Task prompt:
Which lines run from the one containing "BLUMENVASE China, wohl" to the end of the material below? Retype exactly those, both ends included, and nothing else.

Task material:
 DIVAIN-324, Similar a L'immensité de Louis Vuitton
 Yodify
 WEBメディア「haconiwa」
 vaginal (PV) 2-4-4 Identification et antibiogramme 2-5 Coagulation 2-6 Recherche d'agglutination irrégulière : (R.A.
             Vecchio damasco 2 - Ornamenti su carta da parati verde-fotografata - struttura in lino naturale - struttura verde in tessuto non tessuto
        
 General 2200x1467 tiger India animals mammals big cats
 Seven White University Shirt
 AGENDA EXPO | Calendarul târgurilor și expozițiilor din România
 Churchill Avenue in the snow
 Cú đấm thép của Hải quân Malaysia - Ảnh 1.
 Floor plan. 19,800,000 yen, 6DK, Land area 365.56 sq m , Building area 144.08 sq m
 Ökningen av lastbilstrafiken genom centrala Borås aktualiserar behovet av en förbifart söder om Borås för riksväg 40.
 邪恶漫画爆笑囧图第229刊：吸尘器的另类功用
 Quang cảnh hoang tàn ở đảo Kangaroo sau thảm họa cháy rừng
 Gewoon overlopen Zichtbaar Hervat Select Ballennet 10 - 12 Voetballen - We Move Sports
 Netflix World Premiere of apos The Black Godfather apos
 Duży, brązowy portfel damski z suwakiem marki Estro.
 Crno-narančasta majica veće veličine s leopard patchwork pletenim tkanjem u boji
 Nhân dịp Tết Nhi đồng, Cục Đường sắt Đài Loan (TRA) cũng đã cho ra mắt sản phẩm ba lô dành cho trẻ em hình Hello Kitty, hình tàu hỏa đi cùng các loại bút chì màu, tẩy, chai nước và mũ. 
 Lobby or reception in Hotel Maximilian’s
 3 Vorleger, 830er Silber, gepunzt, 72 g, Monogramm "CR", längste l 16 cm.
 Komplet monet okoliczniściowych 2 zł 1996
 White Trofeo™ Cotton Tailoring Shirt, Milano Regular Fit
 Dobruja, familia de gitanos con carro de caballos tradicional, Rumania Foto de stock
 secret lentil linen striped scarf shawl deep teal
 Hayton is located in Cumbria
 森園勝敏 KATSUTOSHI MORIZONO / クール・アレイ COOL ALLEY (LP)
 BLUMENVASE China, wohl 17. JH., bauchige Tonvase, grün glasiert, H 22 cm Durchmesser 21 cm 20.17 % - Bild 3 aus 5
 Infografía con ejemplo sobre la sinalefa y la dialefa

Exercise solution:
 BLUMENVASE China, wohl 17. JH., bauchige Tonvase, grün glasiert, H 22 cm Durchmesser 21 cm 20.17 % - Bild 3 aus 5
 Infografía con ejemplo sobre la sinalefa y la dialefa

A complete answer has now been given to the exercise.